For learning perspective, if anyone uses maturity model, can easily take the investment decisions as well. Martin gave example as:

A maturity model can contain generalized estimates of progress, such as "to get from level 4 to 5 usually takes around 6 months and a 25% productivity reduction".

Martin mentioned that in many circles maturity models have gained bad reputations but it could be useful if someone uses it effectively.

Martin stated Capability Maturity Model (CMM) as the best-known maturity model in the software world. However it is disdained in the community. He mentioned two main root causes for the same:

  • Document heavy and plan driven, which is not suitable for agile software community.
  • Organizations competitive behavior of getting CMM certification also ruins the main purpose of having maturity model.

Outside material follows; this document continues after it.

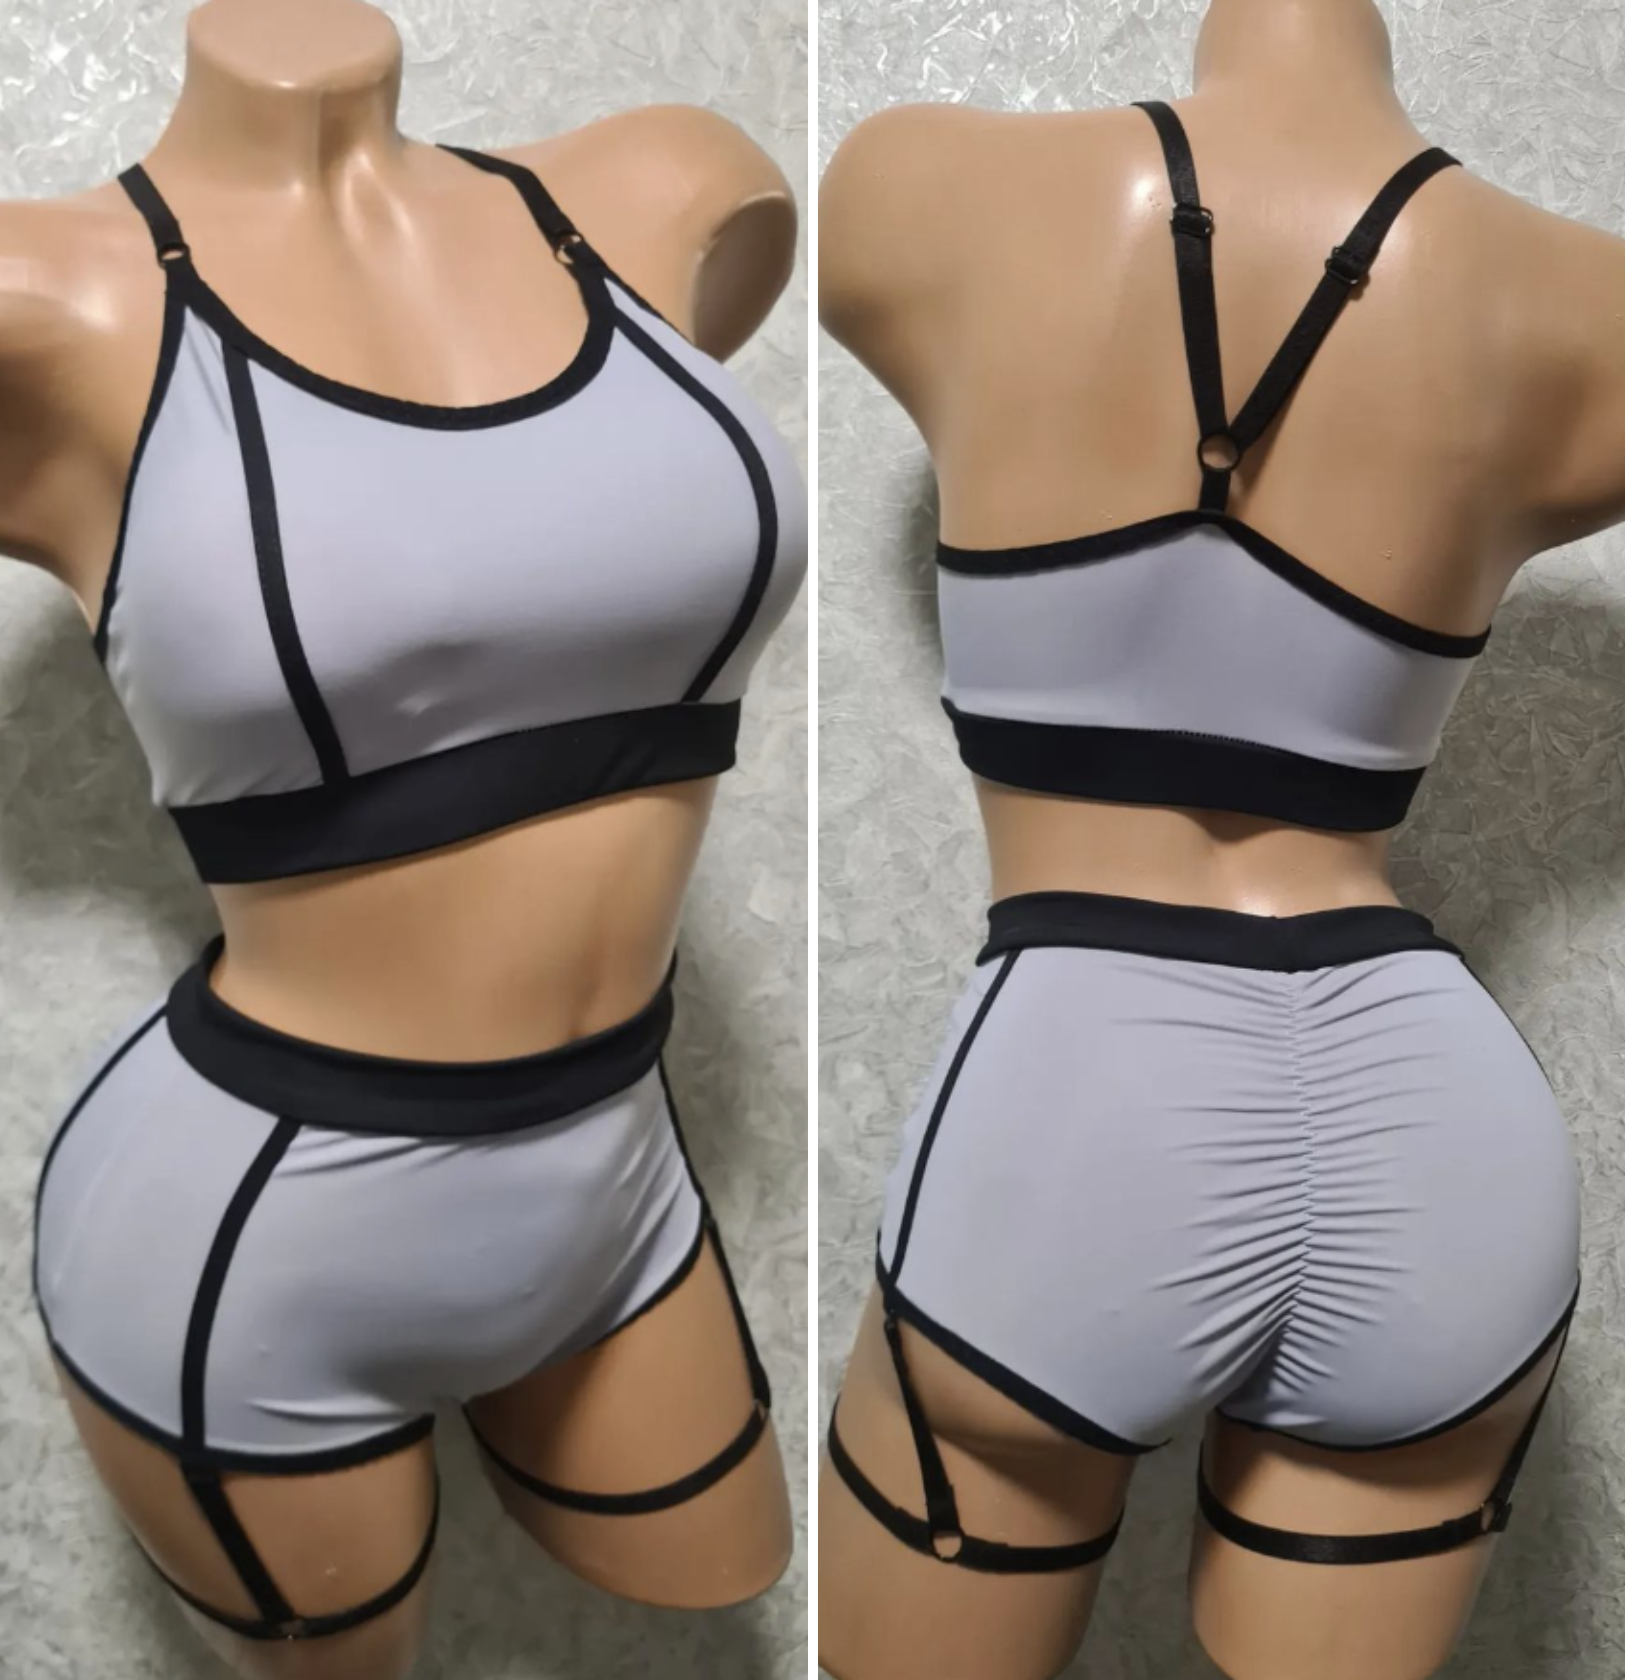 Pole Dance Wear Top and Shorts, Workout Outfit, Polewear Suit, Twerk Set  Top and Shorts, Workout Short and Bra, Strip Plastic Shorts and Top 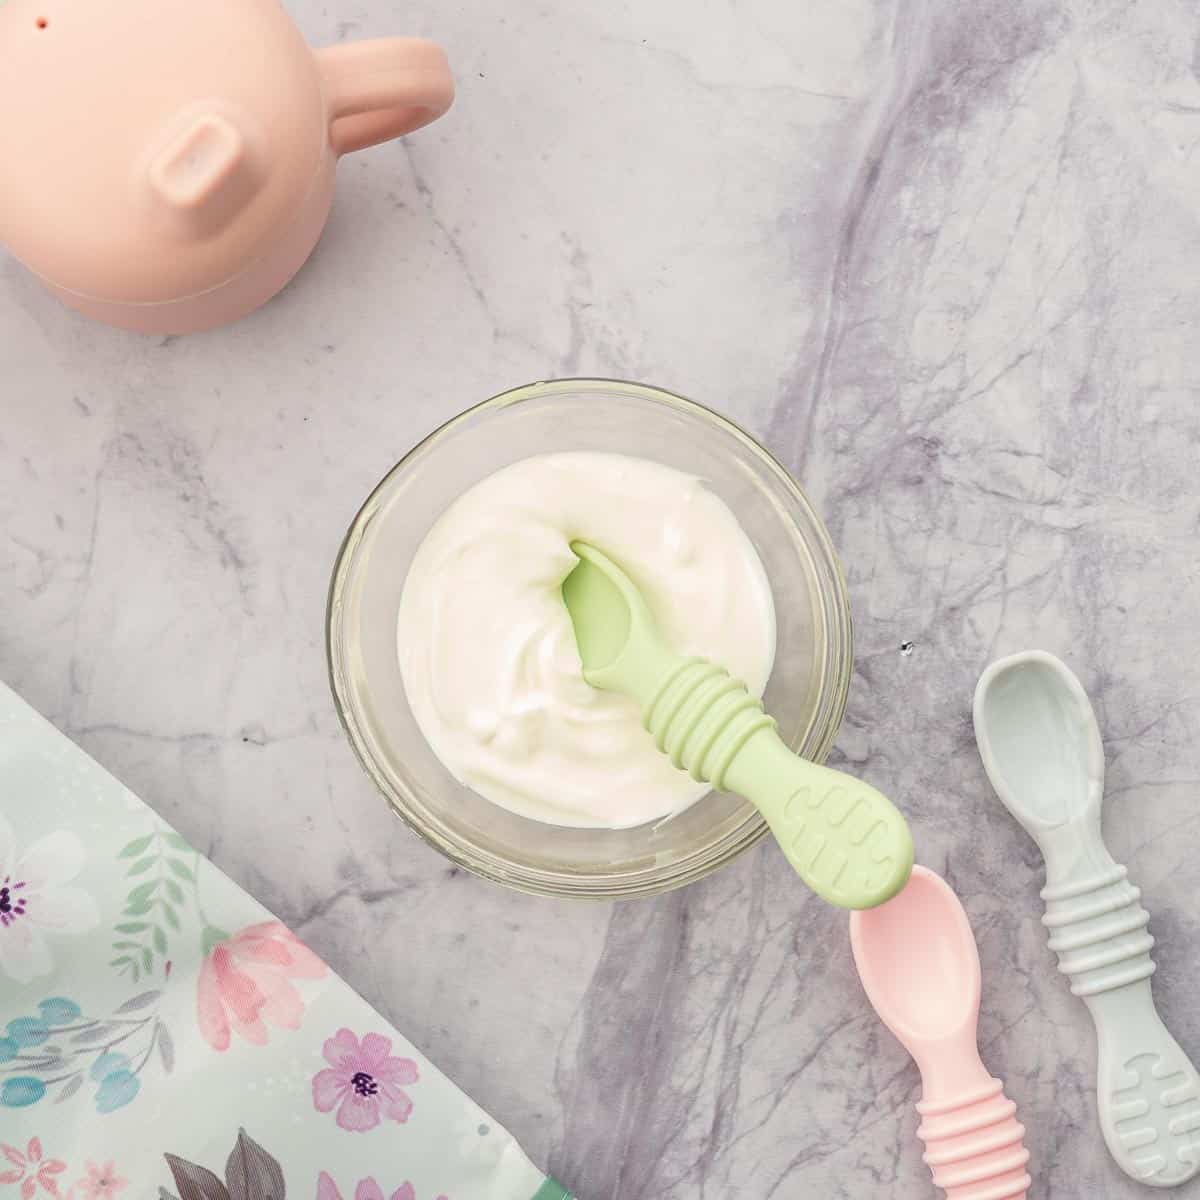 A small bowl of plain yogurt with a baby spoon next to a sippy cup.

Jason Yip, principal consultant at Thoughtworks shared his views on the problem with maturity models as:

One of my main annoyances with most maturity models is not so much that they're simplified and linear, but more that they're suggesting a poor learning order, usually reflecting what's easier to what's harder rather than you should typically learn following this path, which may start with some difficult things.

In other words, the maturity model conflates level of effectiveness with learning path.

Martin said that whenever anyone uses any kind of model to understand a situation and draw inferences, one needs to first ensure that the model is a good fit to the circumstances. If the model doesn't fit, that doesn't mean it's a bad model, but it does mean it's inappropriate for this situation.